O The Intercept liberou as quatro primeiras reportagens sobre as conversas em grupos secretos de redes sociais entre Moro, Dallagnol e os procuradores da Lava a Jato. O material, que segundo Glenn Greenwald, é “apenas” uma pequena parte do material que receberam.

Richard Nixon, nos EUA, precisou renunciar por ter autorizado a escuta de uma convenção política do partido contrário. Ferdinand Marcos, em 1988 nas Filipinas foi obrigado a sair do governo após perder as eleições e tentar um golpe.

Sílvio Berlusconi, em 2011, em função de uma série de escândalos sexuais e pressões políticas.

Estes são os eventos mais próximos do absurdo que estamos vivendo que  rememorei no momento.

Nenhum deles, entretanto tem a profundidade dos crimes de Moro e Dallagnol.

O material liberado pelo The Intercept mostra conchavos entre o juiz e os procuradores desde 2013.

Não são apenas “combinações” de ações jurídicas – o que já seria motivo de anulação e processos criminais a ambos – é uma verdadeira operação lesa-pátria contra o Brasil, seu povo, Lula e o Partido dos Trabalhadores.

Por mais de cinco anos houve um verdadeiro conluio entre agentes do judiciário com explícito objetivo de retirar o Partido dos Trabalhadores do poder e, provavelmente, eleger Jair Bolsonaro.
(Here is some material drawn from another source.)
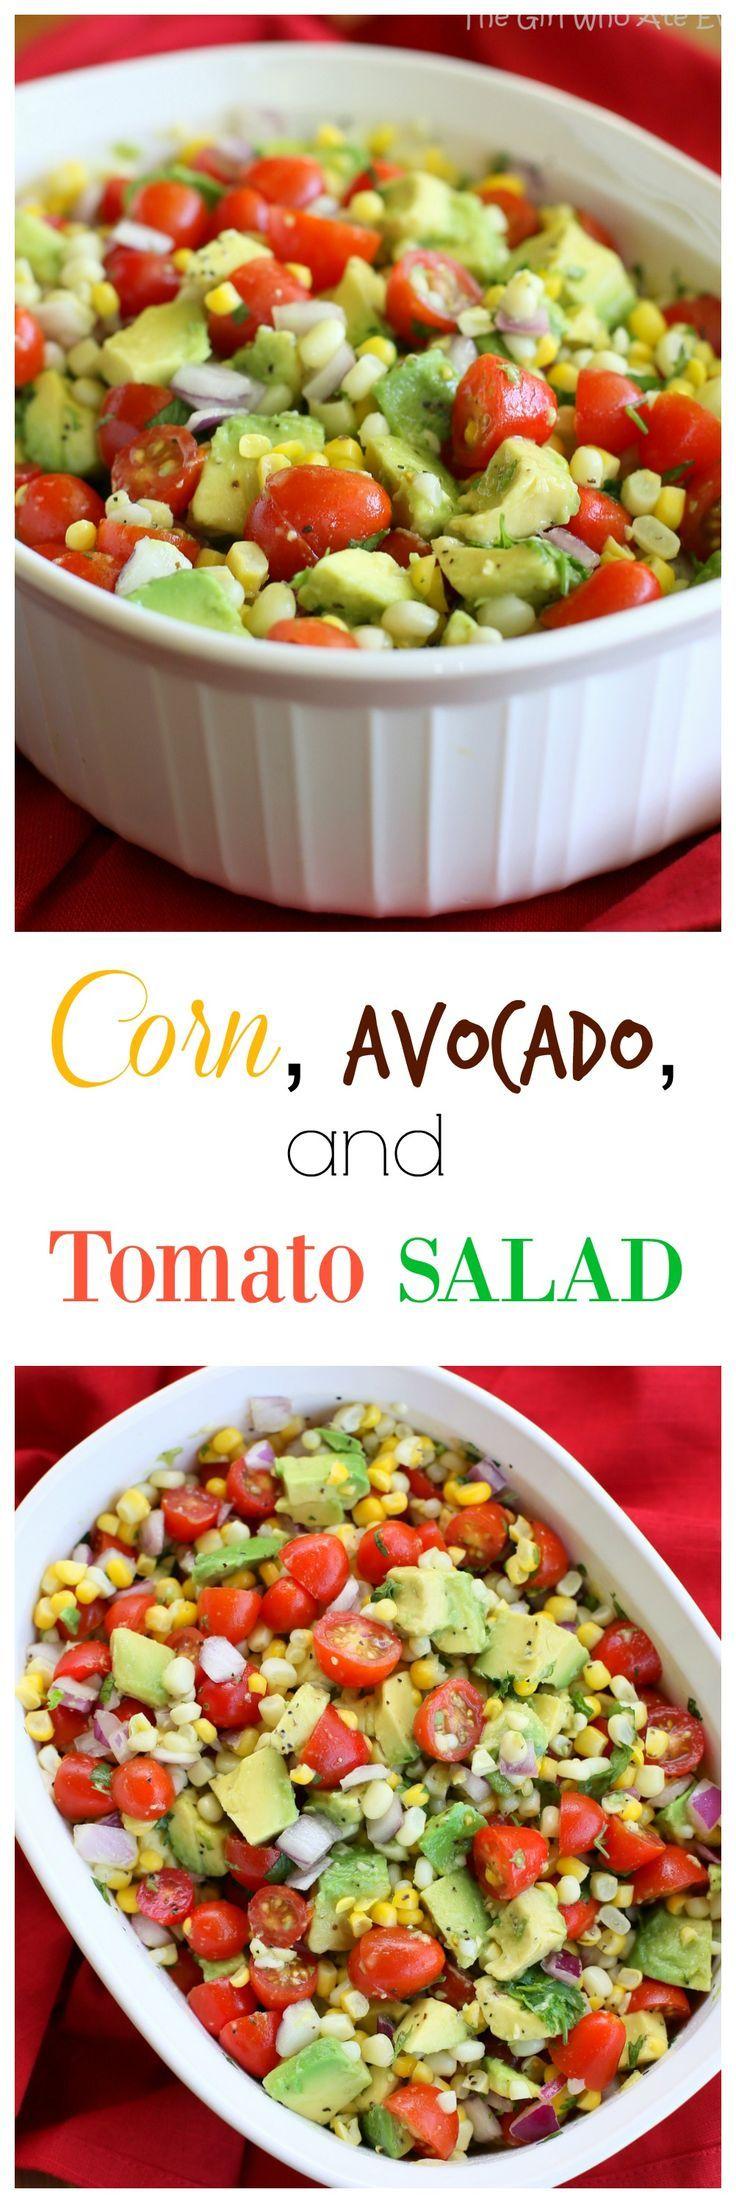 Corn Avocado and Tomato Salad   The Girl Who Ate Everything

São cinco anos de crimes ininterruptos, planos escusos, mensagens sórdidas, combinações e maquinações ilegais junto com o grampo de TODOS os defensores do presidente e de suas pessoas mais próximas.

É um caso tão escabroso que não há como imaginar os resultados desta ação.

Na prática, Moro e Dallagnol transformaram o judiciário brasileiro numa arma política contra aqueles que eles julgavam ser seus inimigos.

O que antes era uma “teoria da conspiração” se mostrou uma realidade das mais sórdida do que se poderia imaginar.

Os espúrios, juiz e procurador terminaram por eleger o mais incompetente e incapaz presidente da História Contemporânea.

E as combinações no material mostram que havia um projeto político para calar Lula, evitar que ele falasse e concorresse e tudo mais de nefasto e criminoso que você puder imaginar.

Tudo digitado, escrito, assinado … não são suposições, não é convicção … é a realidade da célula criminosa chamada “República de Curitiba”.

A julgar pelo mal que fizeram ao povo e ao Brasil, com a entrega do pré-sal, a prisão de inúmeros inocentes, a destruição de empresas brasileiras, a criação de milhões de desempregados e a alteração visível na democracia brasileira, Moro e Dallagnol poderiam ser enquadrados na lei contra o terrorismo.

Segundo a lei 13260 de 16 de março de 2016 é terrorismo a “prática por um ou mais indivíduos” do ato de “sabotar o funcionamento” de “instalações públicas”.

É claro que não se está apenas falando da materialidade da “instalação”. A institucionalidade brasileira foi tão esgarçada pelos crimes de Moro e Dallagnol que é difícil conceber um ato mais danoso ao Brasil.

O conluio criminoso do procurador e do ex-juiz não só responsável pela prisão de inocentes como Lula, mas pela deterioração da vida dos brasileiros, o descontrole dos preços de gasolina, gás e luz, o desemprego, a recessão e a eleição deste governo atual. Está tudo imbricado nos crimes seminais de Moro e Dallagnol.

C? A inação do STF permitiu tudo acontecer até aqui. As “espadas endurecidas” e os “cavalos ensebados” dos militares verde-vômito do Brasil foram respaldo. Mas e agora? Diante de tamanha pachorra, de tamanho disparate… onde estamos?